ASSIGNMENT:
Copy exactly, beginning with the line holding "Sirui 24mm f/2.8" and ending with the final line of the data beneath this task; copy nothing else, and leave out every picture.

INFORMATION SUPPLIED:
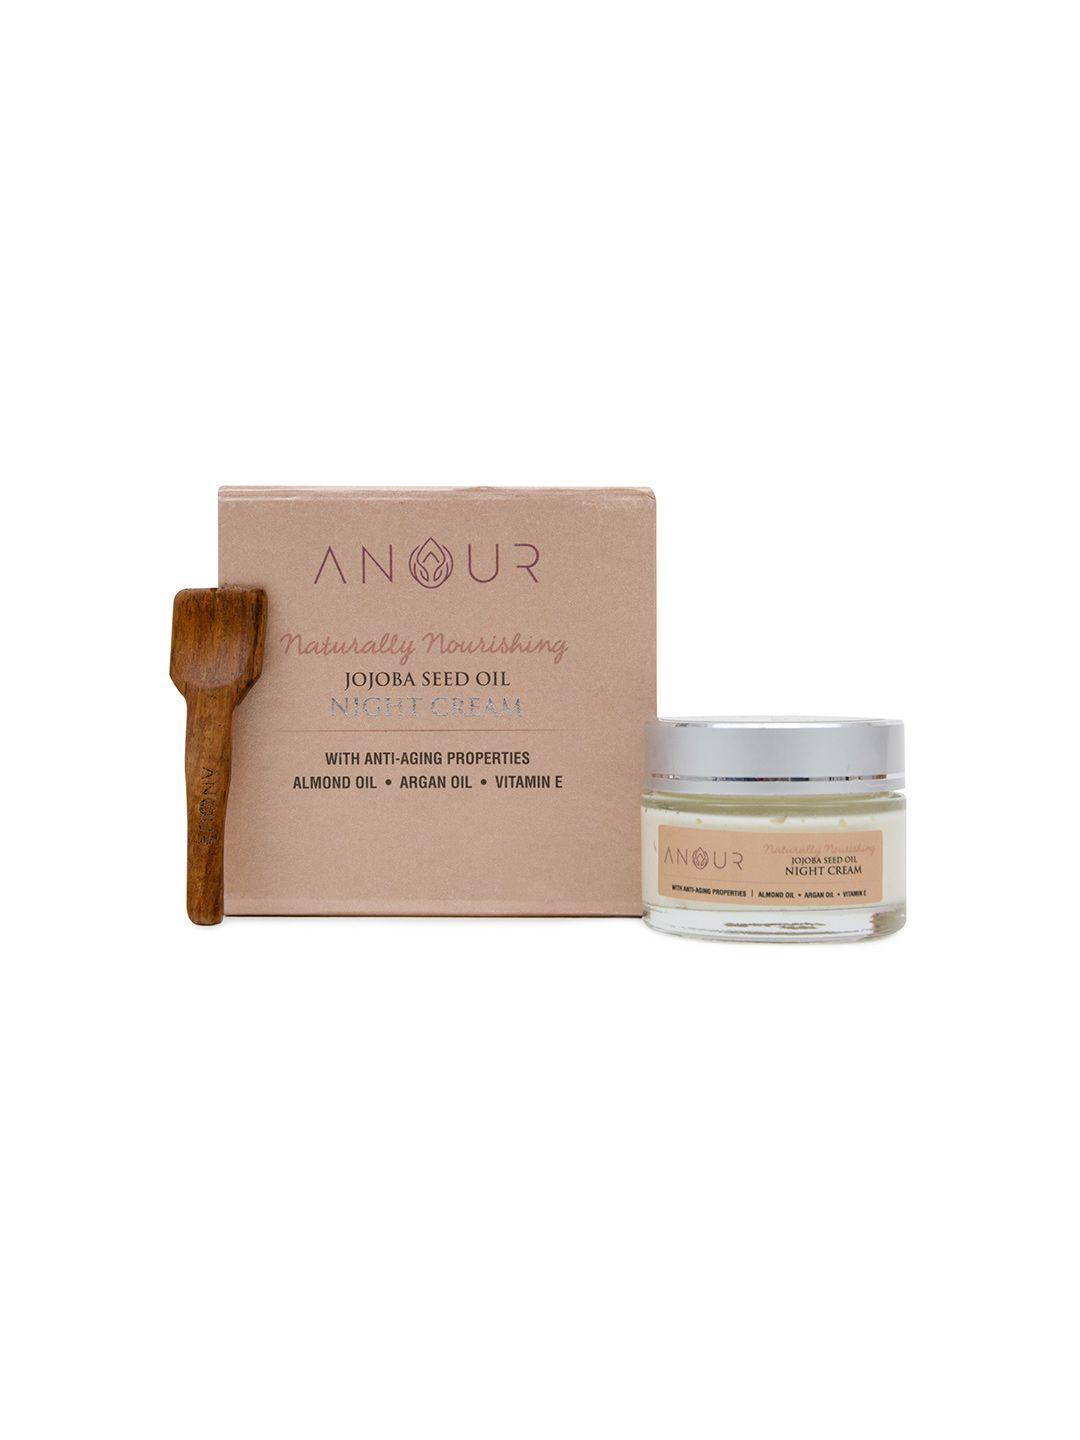 anour naturally nourishing jojoba seed oil night cream with almond oil & vitamin e - 50g
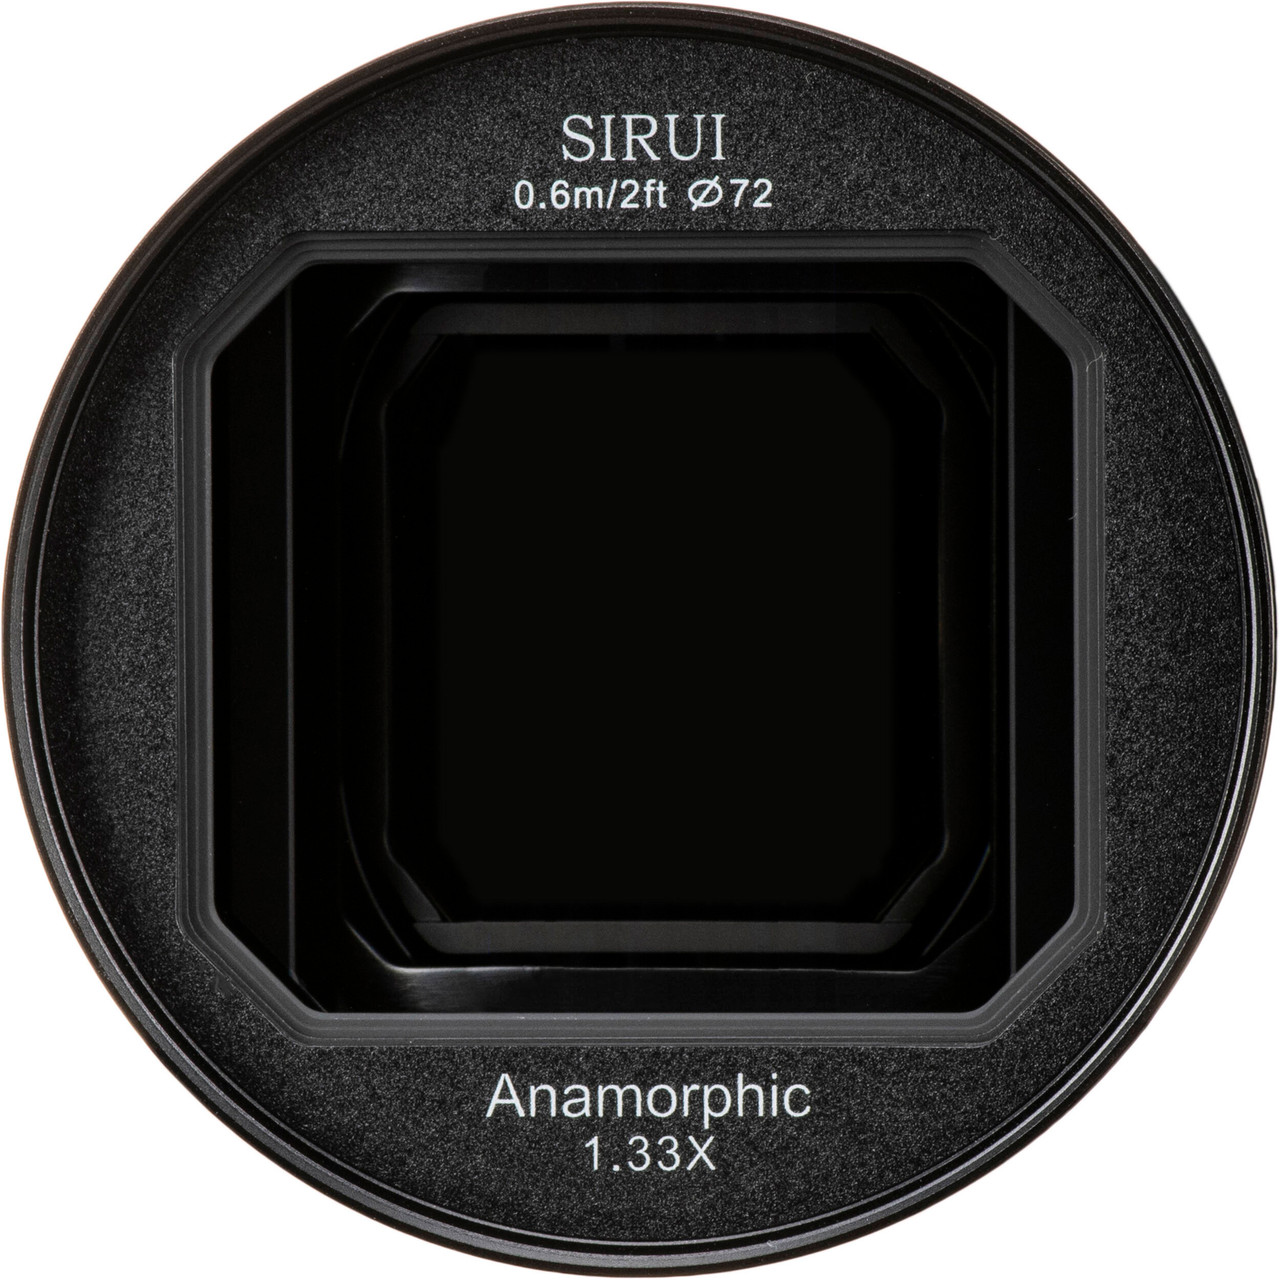 Sirui 24mm f/2.8 Anamorphic 1.33x Lens | Mojo Computers
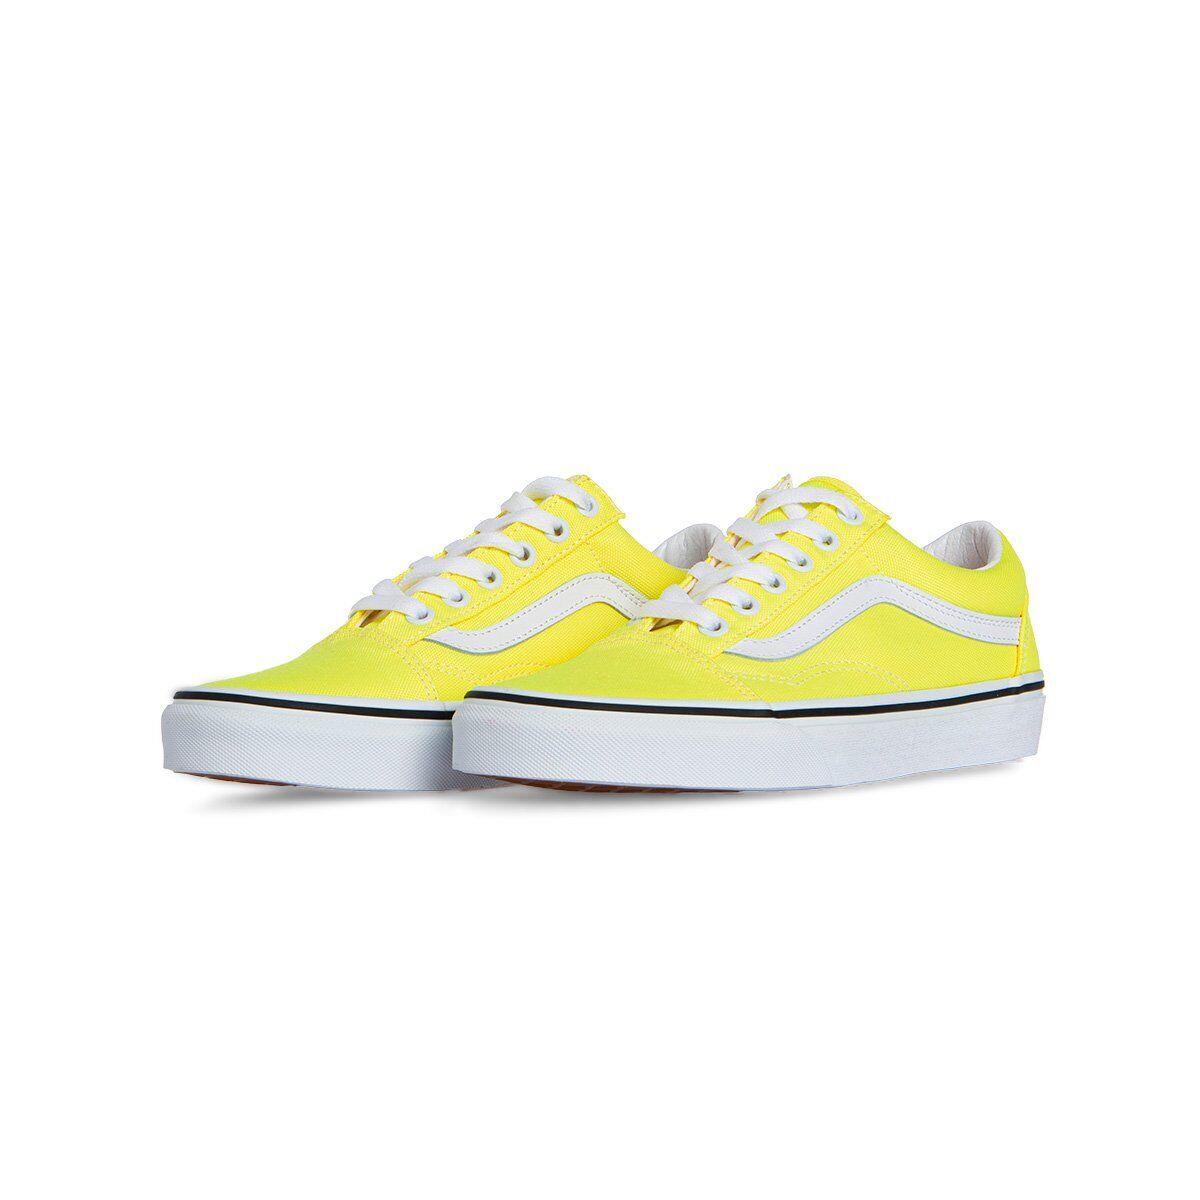 Vans Old Skool VN0A4U3BWT71 Unisex Adult Yellow Sneaker Shoes Size M9/W10.5 ST60

ANSWER AREA:
 Sirui 24mm f/2.8 Anamorphic 1.33x Lens | Mojo Computers
 Vans Old Skool VN0A4U3BWT71 Unisex Adult Yellow Sneaker Shoes Size M9/W10.5 ST60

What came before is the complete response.